Starting with the line that holds "Friend's daughter made" and stopping after the line that holds "Lines & rigging", repeat the lines below word for word, without the pictures.

- [Listed entries]:
Content starts
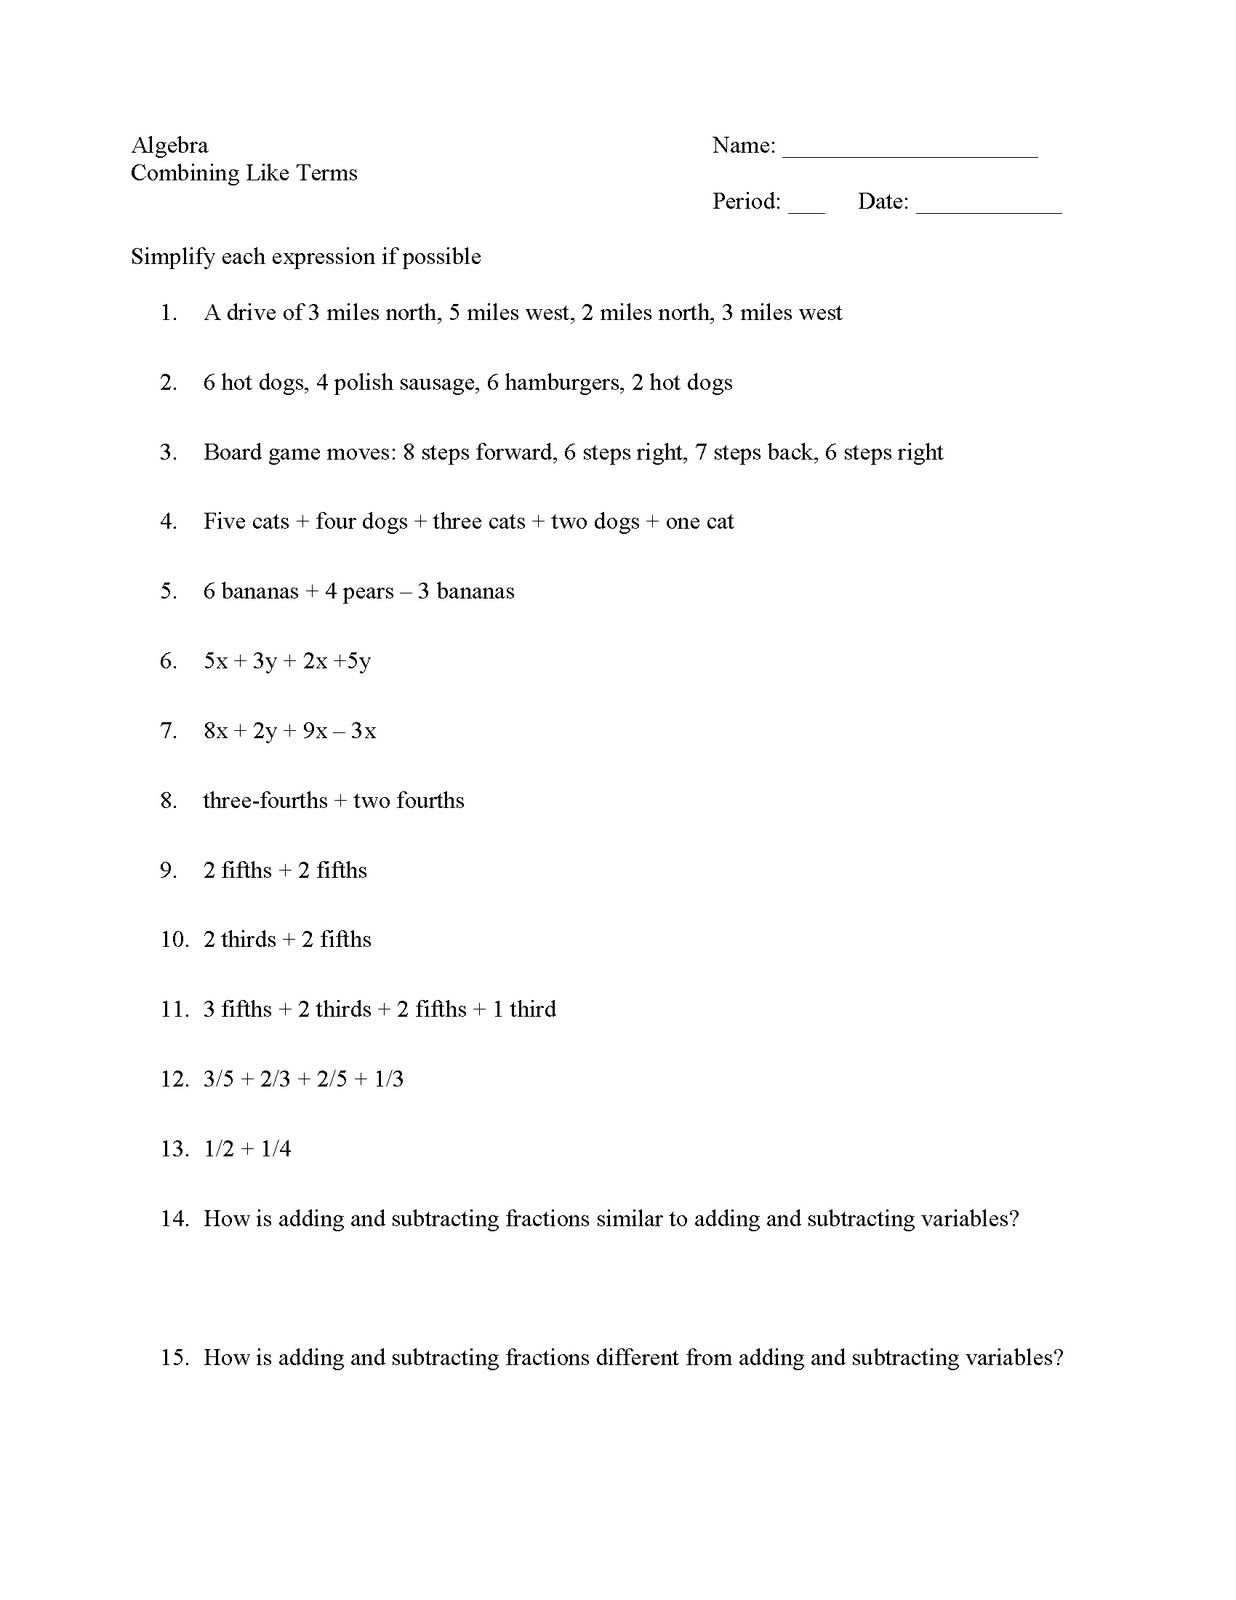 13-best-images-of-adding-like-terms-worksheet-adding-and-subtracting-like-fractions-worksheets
Content ends
Content starts
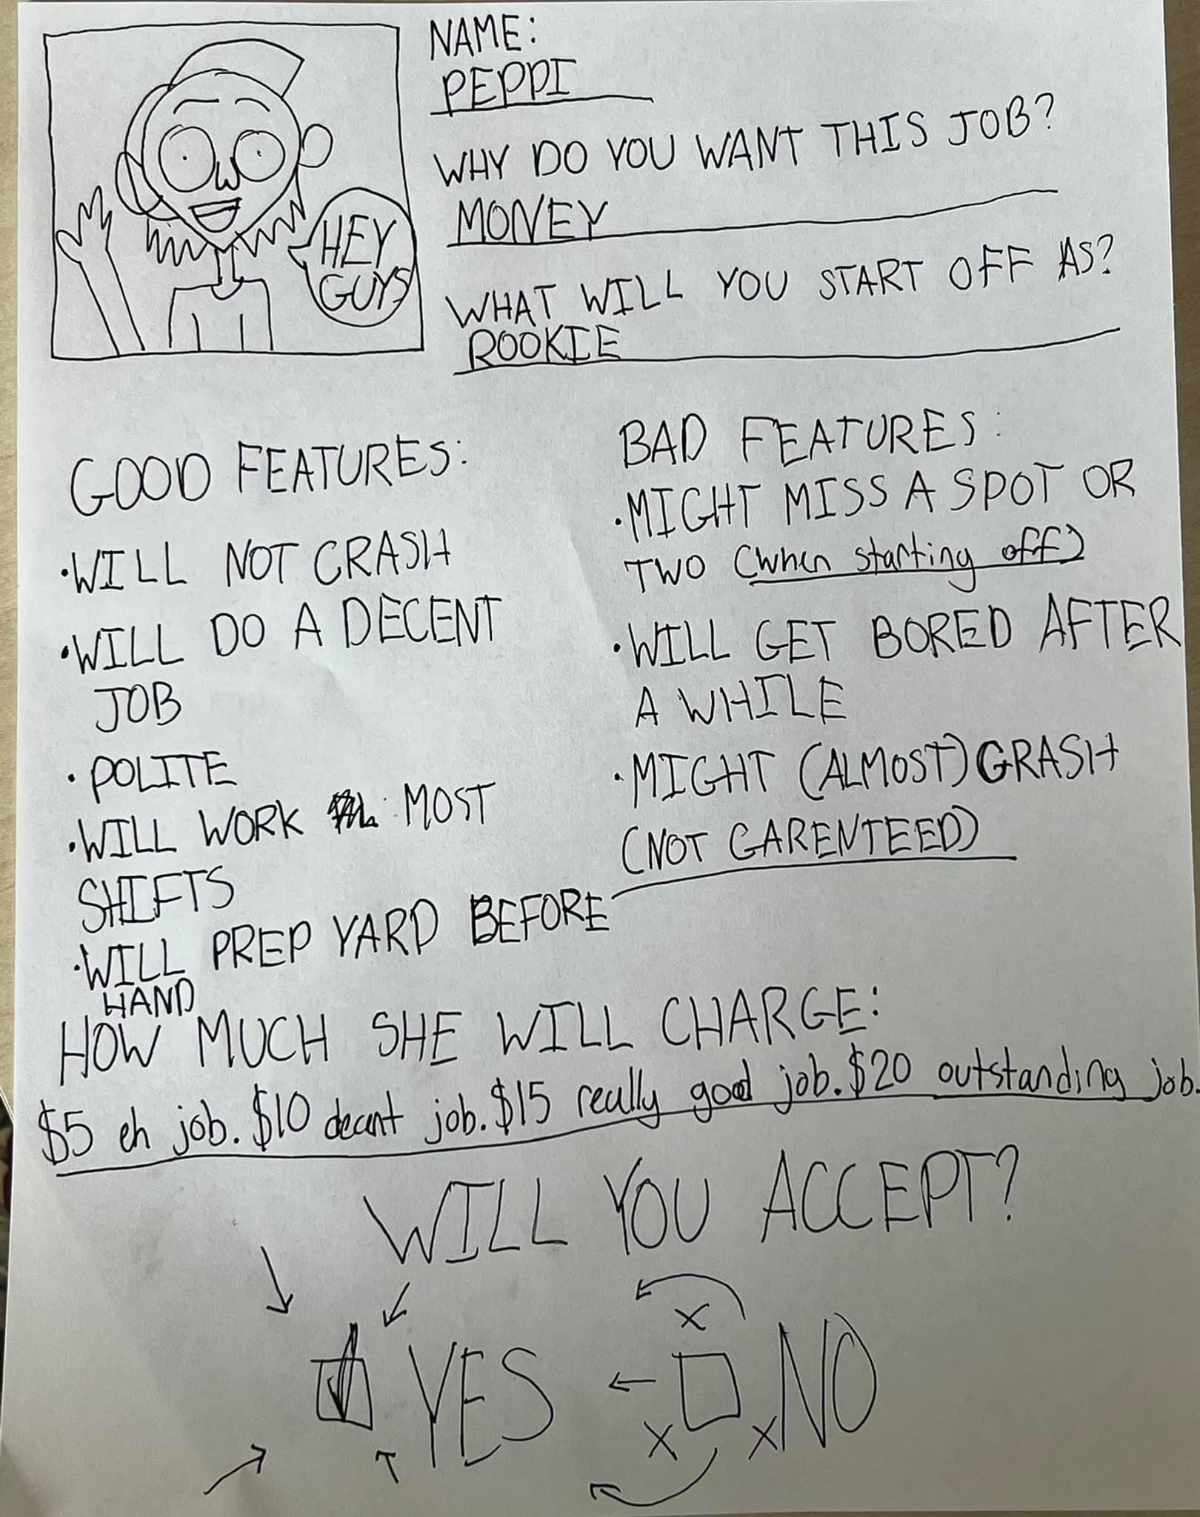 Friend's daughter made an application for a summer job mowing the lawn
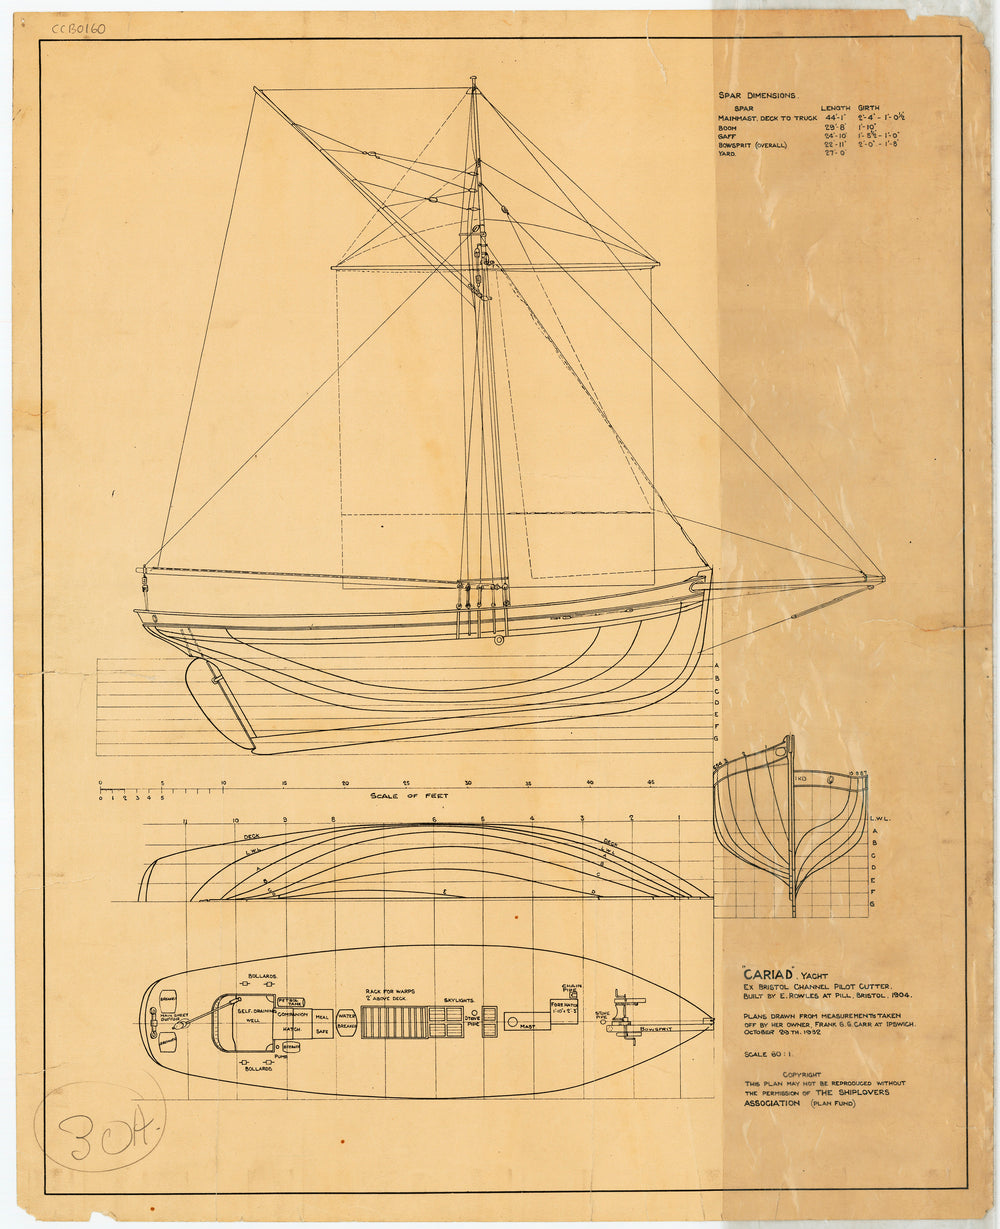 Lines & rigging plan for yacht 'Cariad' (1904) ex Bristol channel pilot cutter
Content ends
- [Result of the exercise]:
 Friend's daughter made an application for a summer job mowing the lawn
 Lines & rigging plan for yacht 'Cariad' (1904) ex Bristol channel pilot cutter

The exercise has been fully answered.